**Task instructions:** Print out the data below in full and exactly, skipping the pictures.

**Dataset excerpt:**

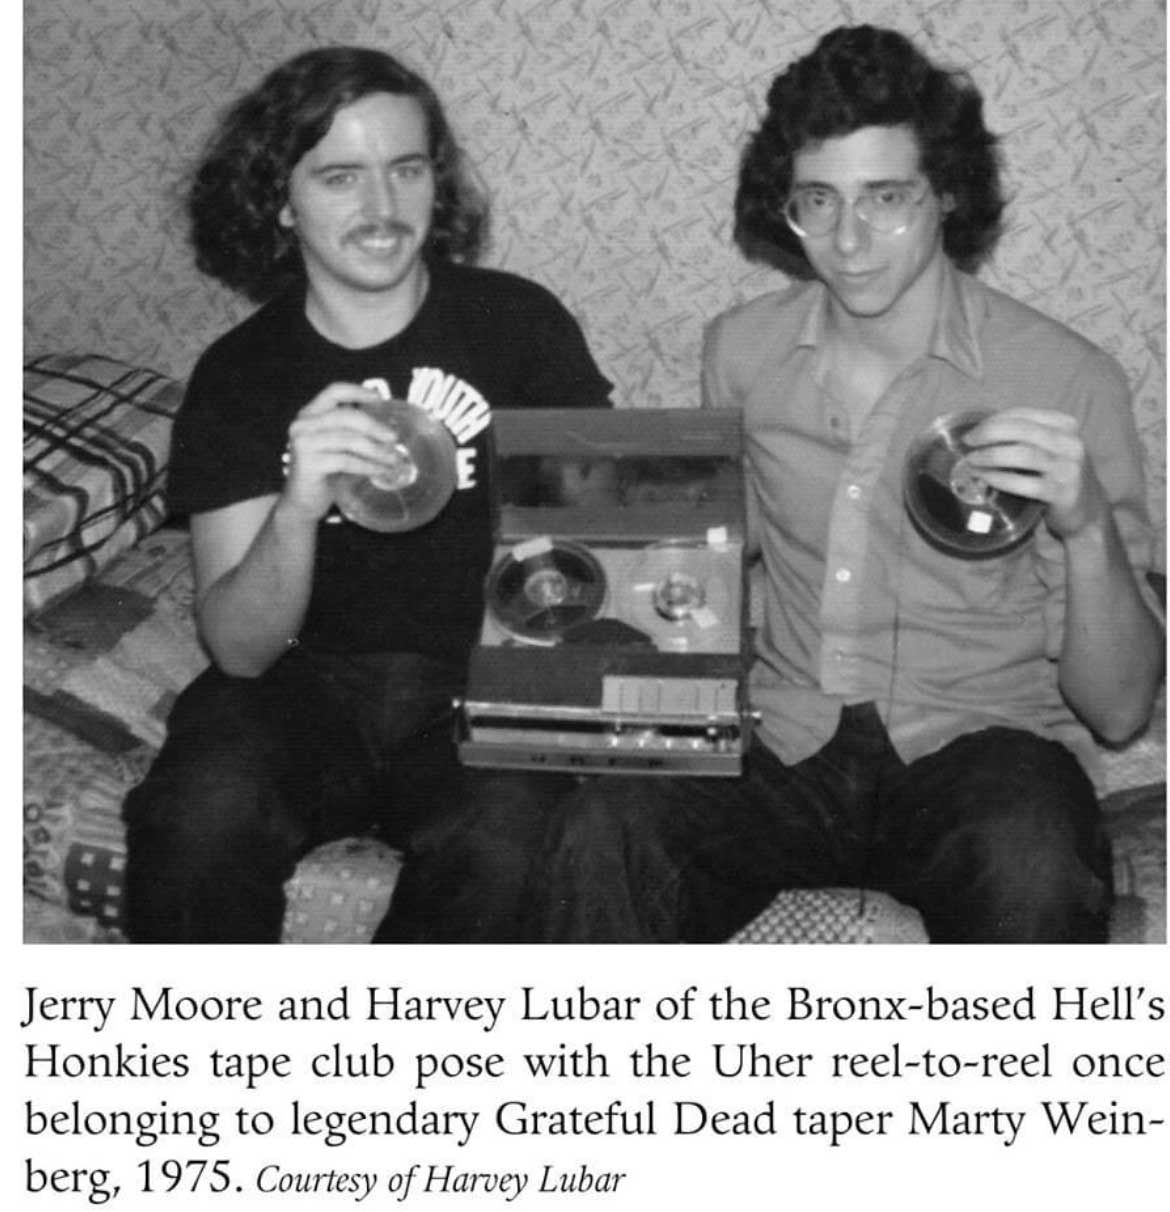 Marty Weinberg's Uher used to record the Grateful Dead 
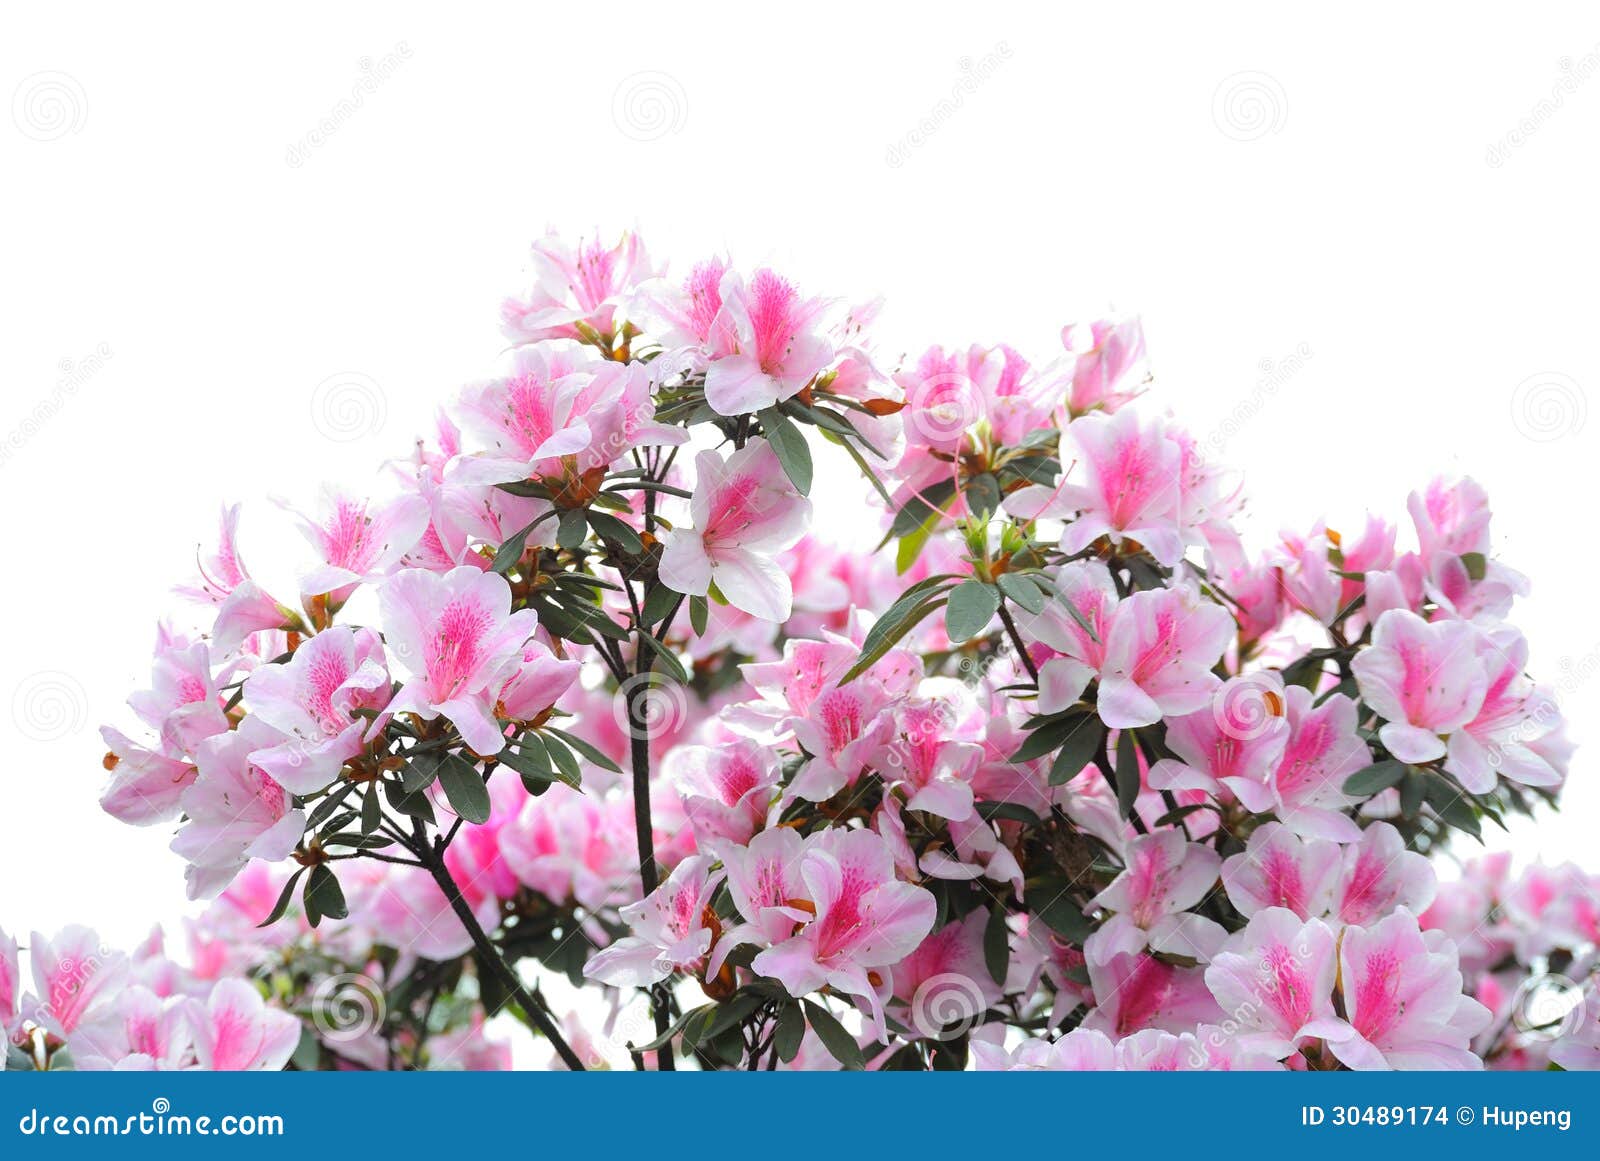 pink and white azalea blooms
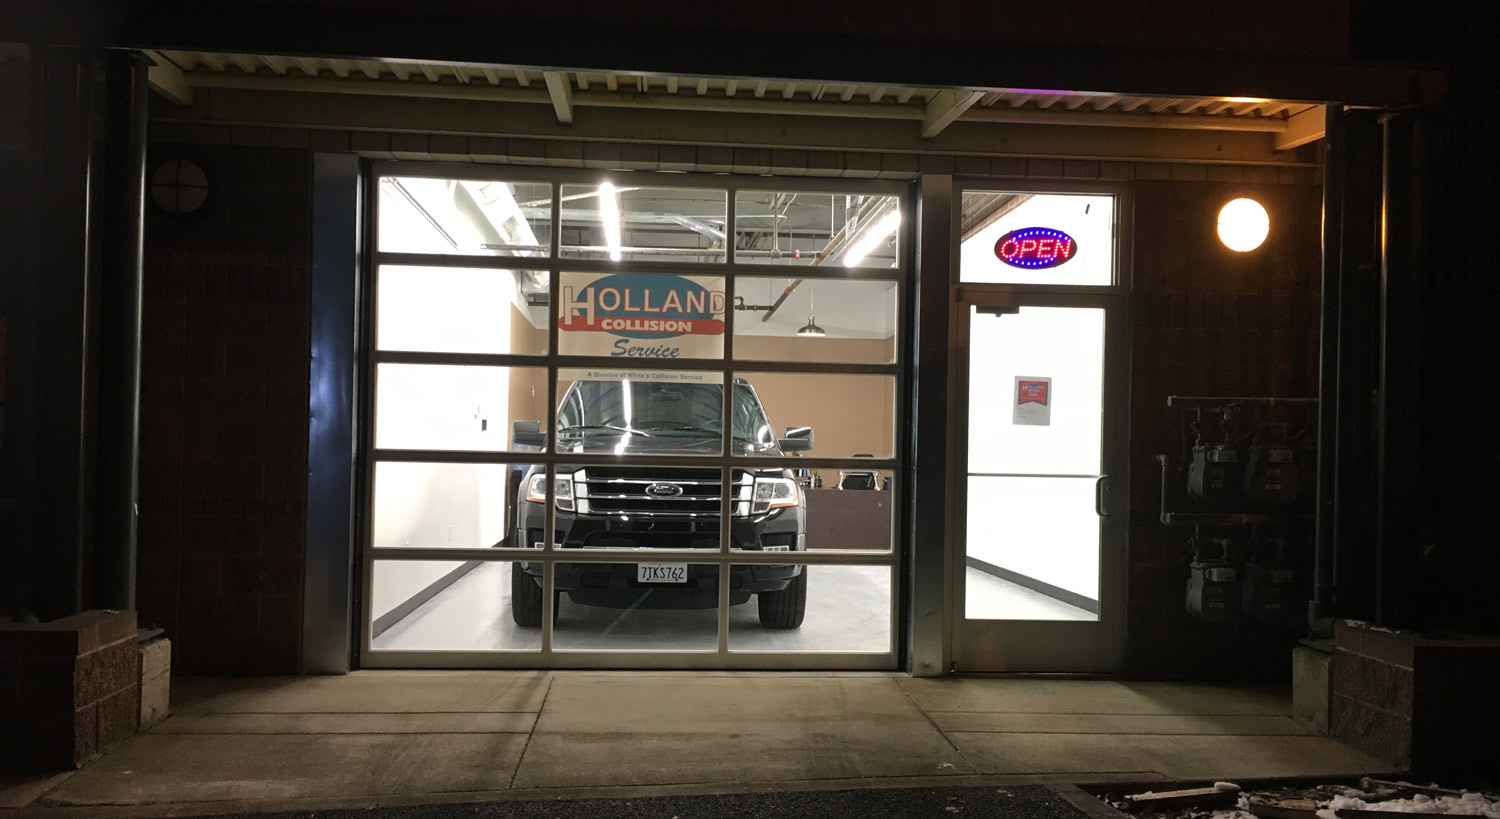 White’s Collision, formerly Holland Collision Service
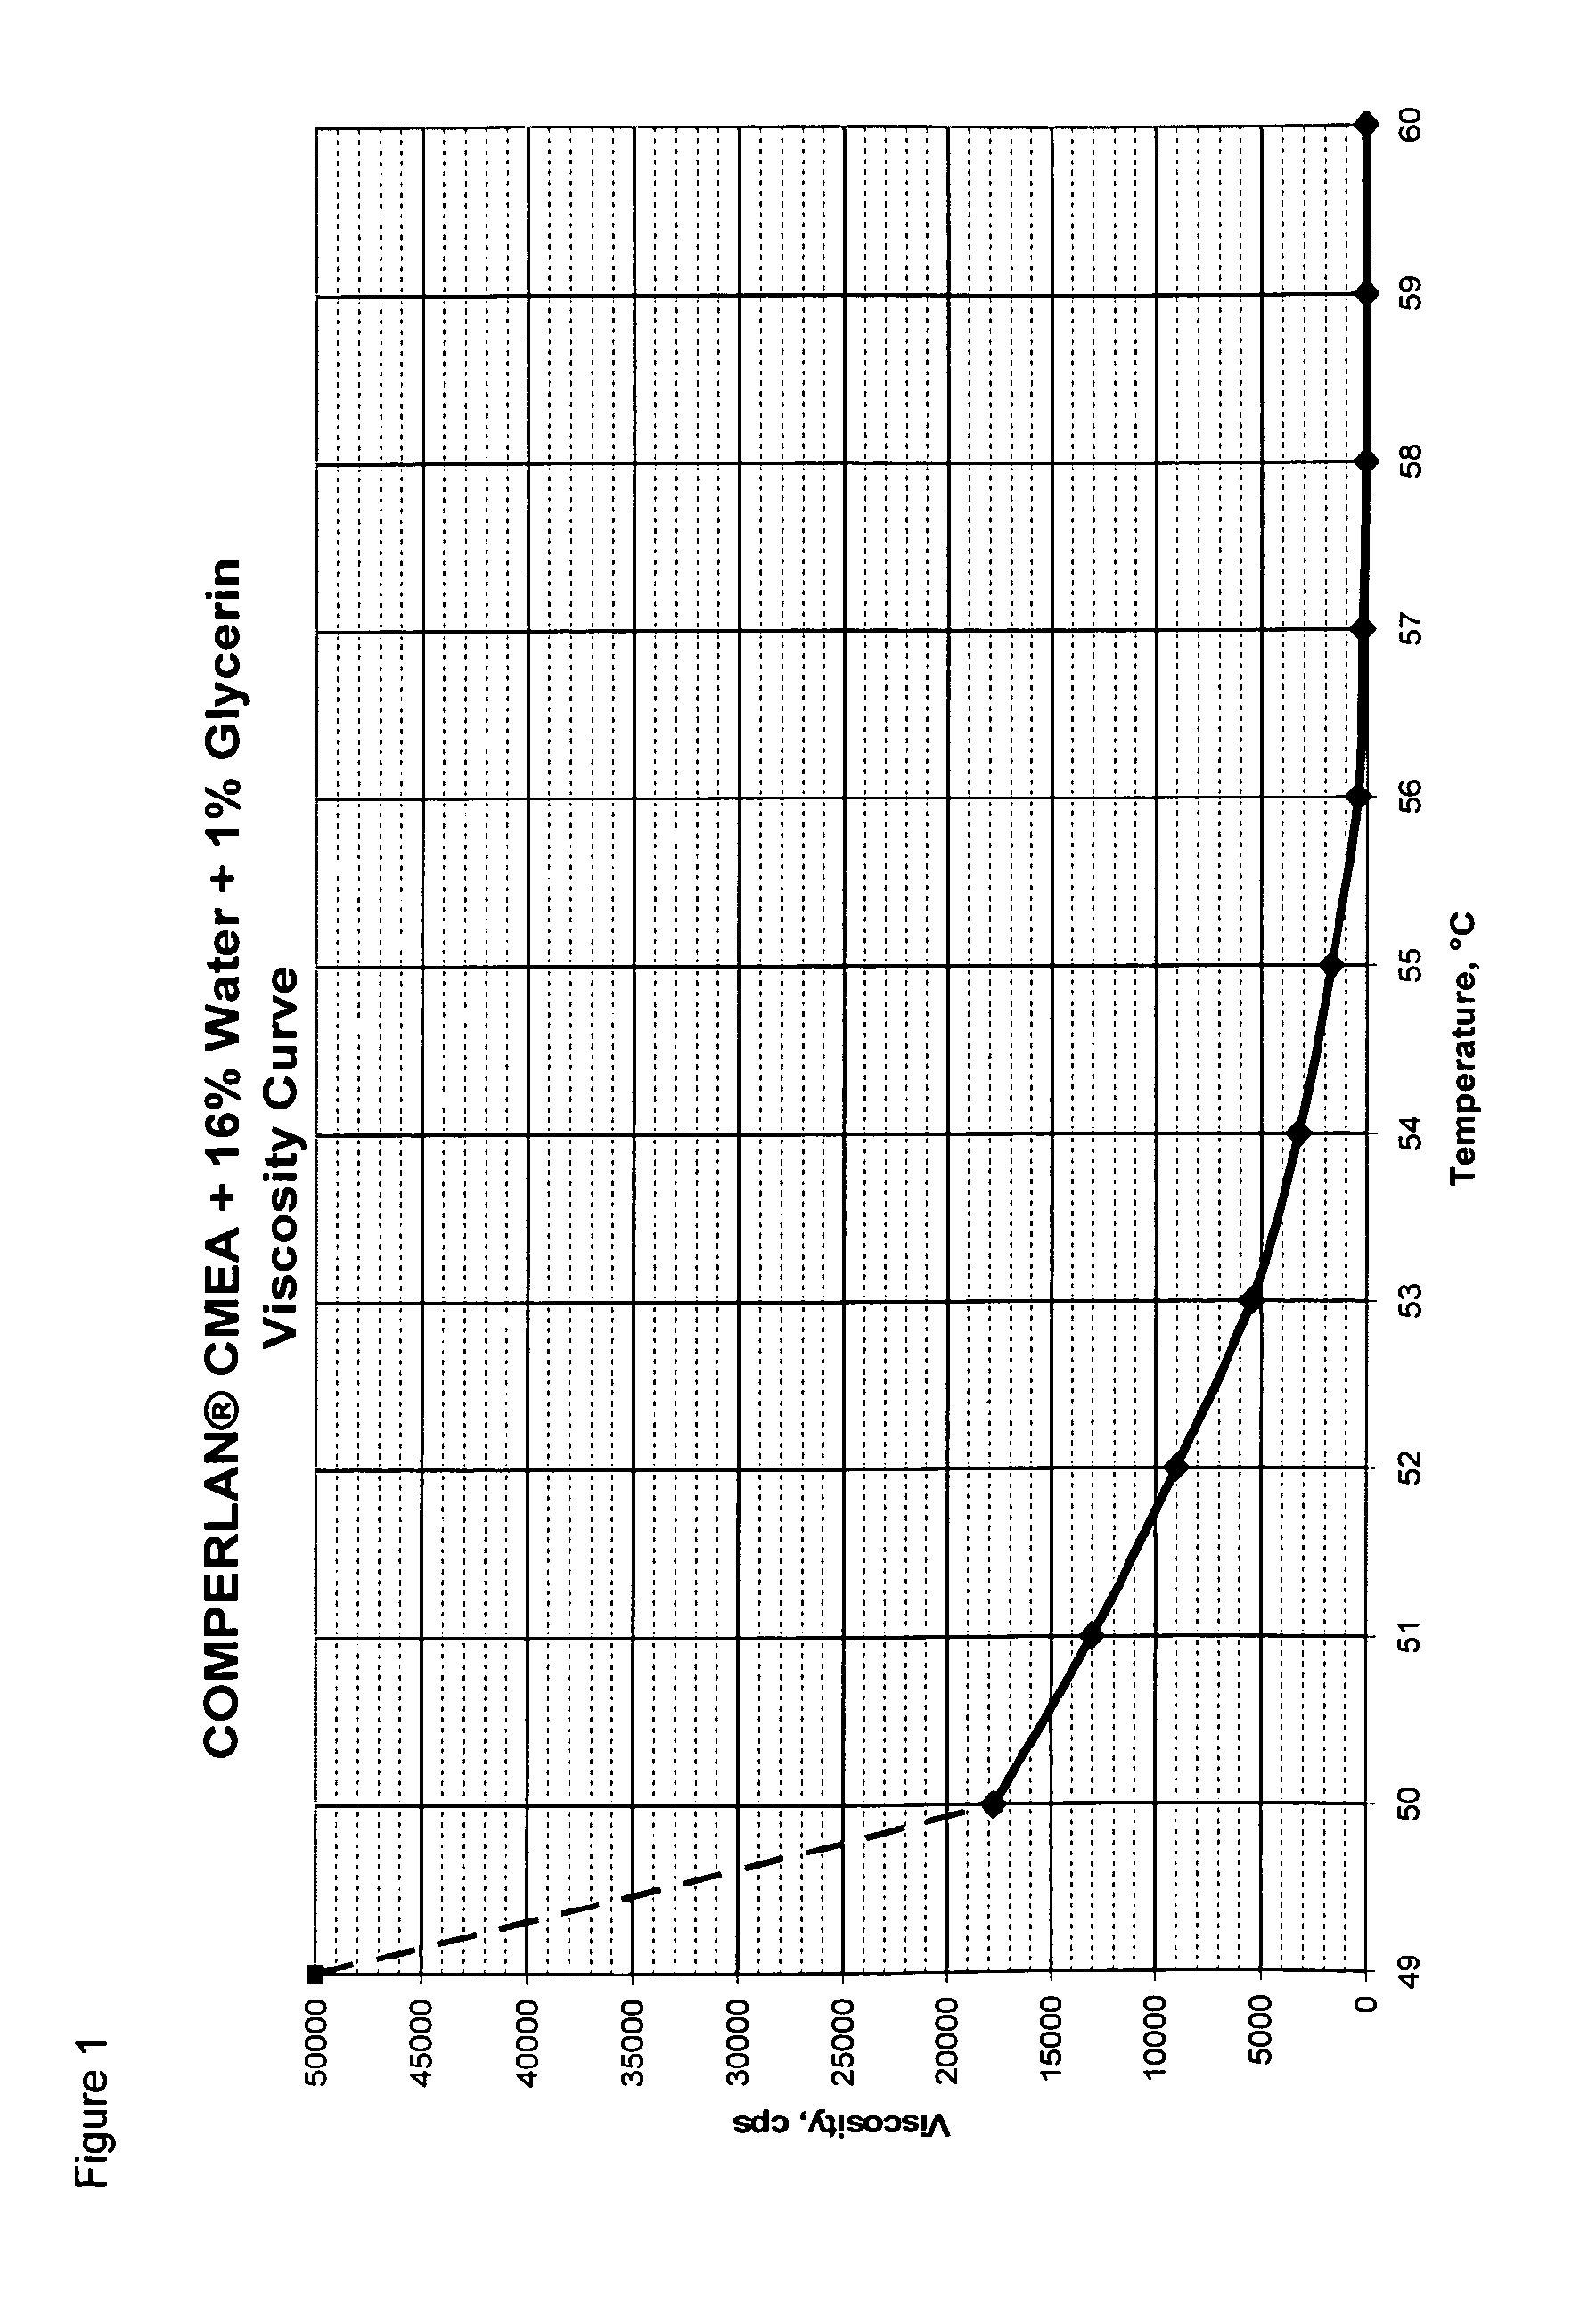 Fluid cocamide monoethanolamide concentrates and methods of preparation

**Output for this exercise:**
 Marty Weinberg's Uher used to record the Grateful Dead 
 pink and white azalea blooms
 White’s Collision, formerly Holland Collision Service
 Fluid cocamide monoethanolamide concentrates and methods of preparation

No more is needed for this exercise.